Vroman stemde toe en verdiepte zich in enkele bijbelse psalmen. Met de in zijn ogen wrede God Die hij tegenkwam, had hij grote moeite. Het feit dat vele mensen, ook in de psalmen, hun godsbeeld aan hun medemens opleggen, stuit Vroman tegen de borst. In Psalm I dicht hij dat wie een welomlijnd beeld van God heeft, Hem ,,misvormt (...) naar zijn eigen aard / waar hij ook niets van weet".
Vroman vervolgt met:
Systeem, ik noem u dus geen God,
geen Heer of ander Woord
waarvan men gave en gebod
en wraak wacht en tot wiens genot
men volkeren vermoordt.
Hij neemt afstand van deze traditionele godsvoorstellingen. Het gevolg van zo'n doctrinair en absoluut geloof is naar zijn mening ontkenning van en uiteindelijk moord op de medemens. Dat wil hij niet voor zijn rekening nemen.
Kanttekeningen
De huiver voor een vorm van religie die moord en doodslag tot gevolg heeft, is zeker invoelbaar. Maar er kunnen kanttekeningen worden geplaatst bij Vromans weergave van de bijbelse psalmen. Vroman wees in zijn dankrede verschillende gruwelijke passages aan, die bij nader inzien niet zo'n weerzinwekkend gehalte hebben als hij voorstelde. Hij las bijvoorbeeld in Psalm 30 dat God de vijand van de psalmist het lachen had verleerd. Punt. Nauwkeurig lezen levert de toevoeging op: ,,over mij". God beschermde de psalmist dus tegen de vijand. Deze psalm zegt niet dat God er genoegen in schept mensen doelloos te schaden. Het gaat er juist om dat God in concrete situaties bedreigden te hulp komt.
Vromans psalmen zijn alle gericht aan ,,Systeem". Op het eerste gezicht lijkt deze benaming weinig tot niets met een persoonlijke God te maken te hebben. Een systeem is harteloos, star en meedogenloos. Die suggestie lijkt er soms inderdaad in te zitten. Ad den Besten trekt in een bijdrage in "Woordwerk" de conclusie dat Vromans ,,Systeem" samenvalt met de kosmos, en dus volstrekt onpersoonlijk is. Uiteindelijk is volgens Den Besten Vromans ,,Systeem" wreed en onmenselijk, omdat aan de natuur op zichzelf geen enkel motief voor menselijkheid en barmhartigheid kan worden ontleend.

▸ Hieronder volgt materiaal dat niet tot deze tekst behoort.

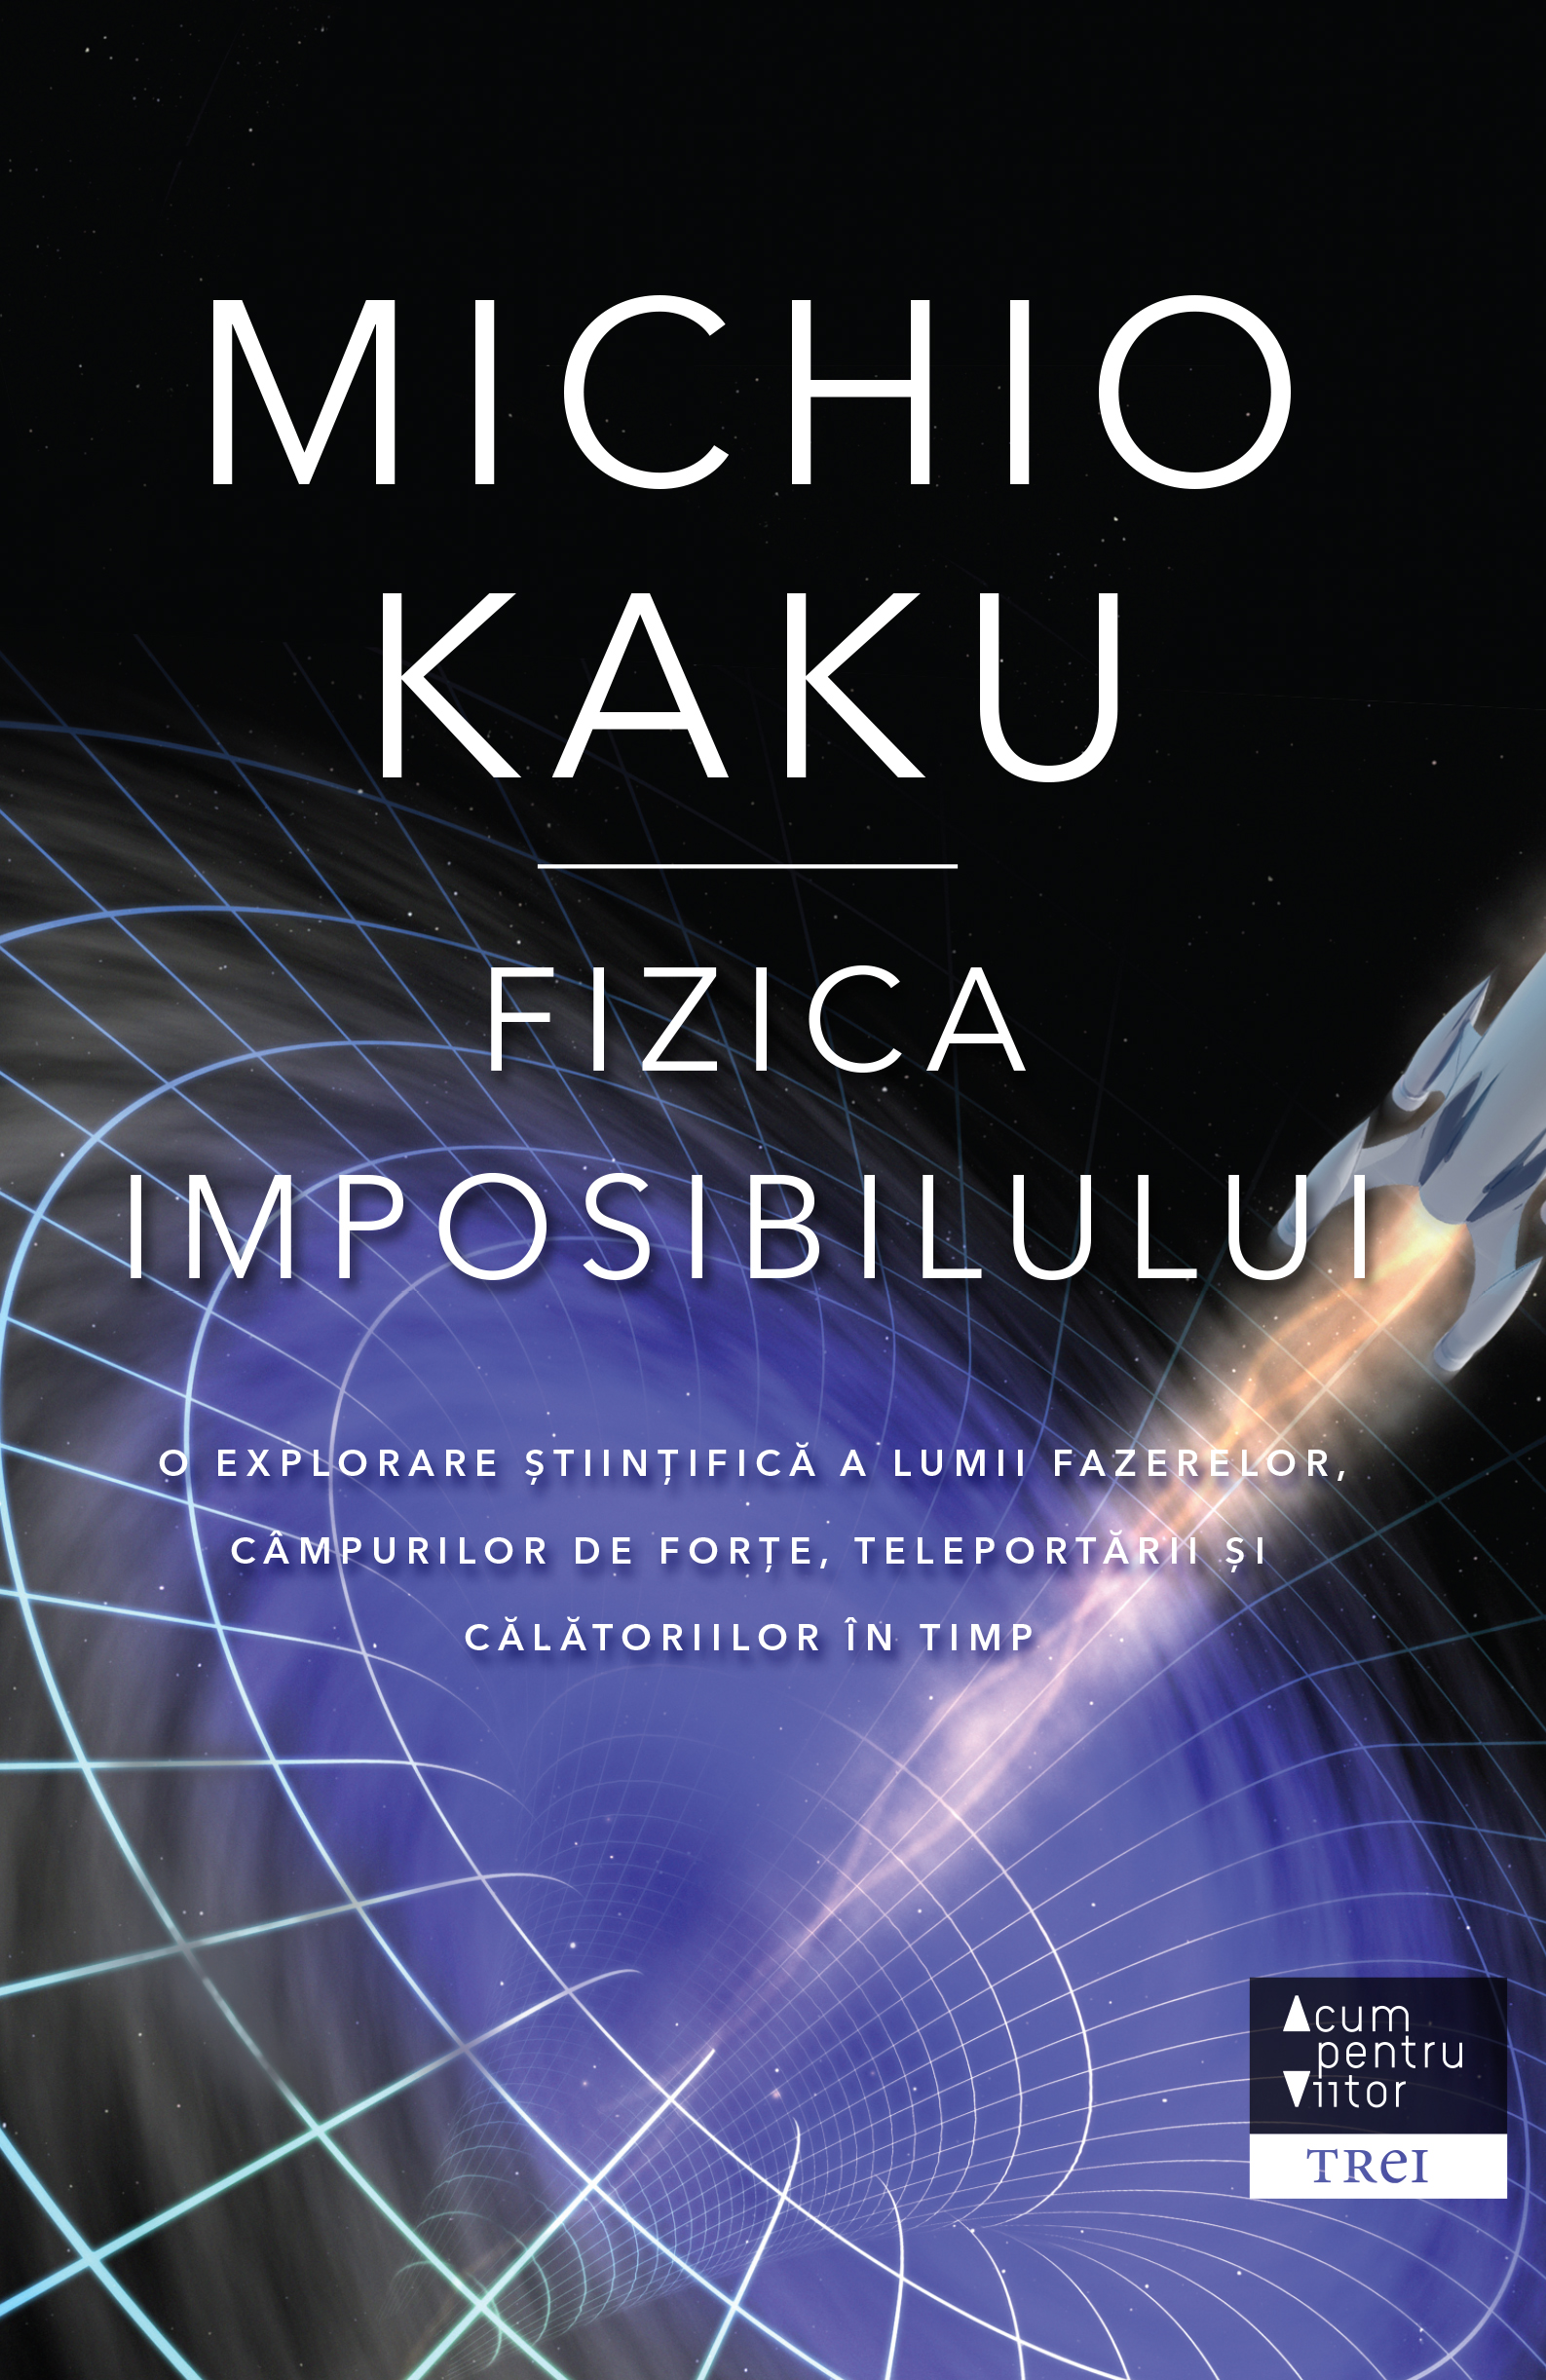 Fizica imposibilului | Michio Kaku carturesti.ro poza bestsellers.ro

Daarom bevreemdt hem de benaming ,,Systeem", waar nog bij komt dat Den Besten Vroman kent als ,,een der zachtmoedigsten" onder de Nederlandse dichters. En waarom richt Vroman zich in gebedsvorm tot iets wat in feite geen 'tegenover' is? Waarom zou je spreken tot iets waarmee je zelf samenvalt?
Duisternis
Deze overwegingen van Den Besten zijn vatbaar voor kritiek. Het is in de eerste plaats de vraag of ,,Systeem" bij Vroman wel zo onpersoonlijk is als Den Besten voorstelt. Verder ben ik er ook niet zeker van dat ,,Systeem" geen 'tegenover' is voor Vroman. Als we andere gedichten uit Vromans immense oeuvre hierbij betrekken, blijkt dat Vromans godsvoorstelling niet star, rechtlijnig of onpersoonlijk is. In het vroege gedicht "Nacht" valt bijvoorbeeld te lezen dat God wellicht ,,het zieke ritselen van mijn gedachten" hoort.

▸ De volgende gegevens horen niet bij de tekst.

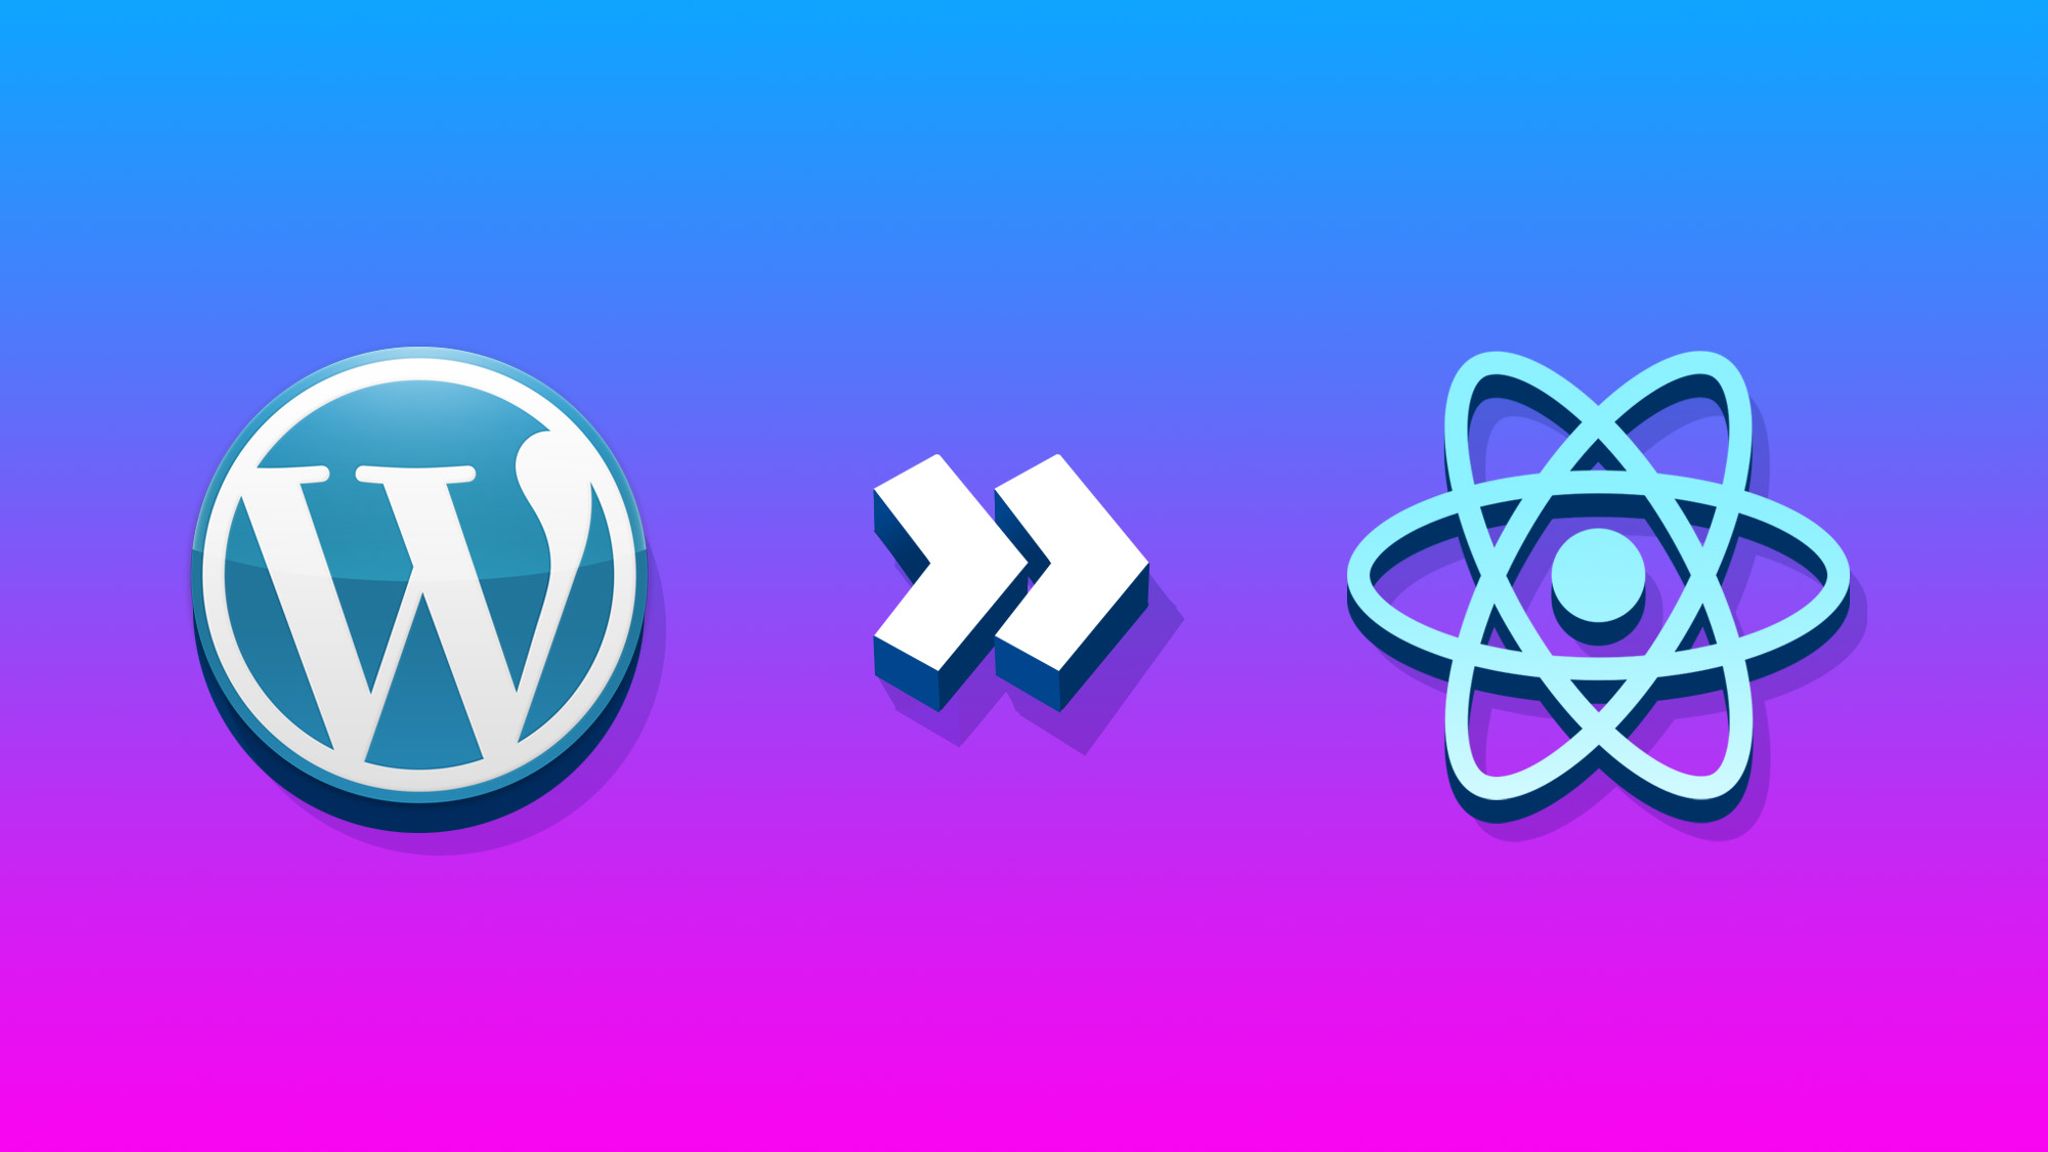 WordPress, Frontity, and React logo icons

Die gedachten zendt Vroman de ,,blinde duisternis" in, richting God, maar ze keren ,,verminkt" terug. Ze fladderen zich ,,te pletter (...), buiten op zijn ruit". Daaraan hecht hij ,,een wreed en zeker teken (...) van Gods bestaan". God dus als Iemand, van Wie Vroman verlangt dat Hij luistert: een persoonlijke God. Zo komen ook in de bundel "Psalmen" versregels voor niet gericht tot Iets, maar tot Iemand:
Aanvaardt mij daarom als een vriend
liefst onervaren, onverdiend,
maar wetend hoe ik U mis
wanneer uiteindelijk helderziend
mijn lichaam, doof en blind gegriend,
mag voelen Wie U is.
Ook dit zijn regels die sterk doen denken aan een Persoon.
Tegenover
Het merkwaardige is echter dat de inhoud van ,,Systeem" op grond van de veertien psalmen nauwelijks eenduidig kan worden omschreven. De ene keer beweert de dichter dat ,,Systeem" een hersenspinsel is, terwijl hij elders een diep verlangen naar ,,Systeem" aan de dag legt. In het ene gedicht is ,,Systeem" de schepper, in het andere de schepping.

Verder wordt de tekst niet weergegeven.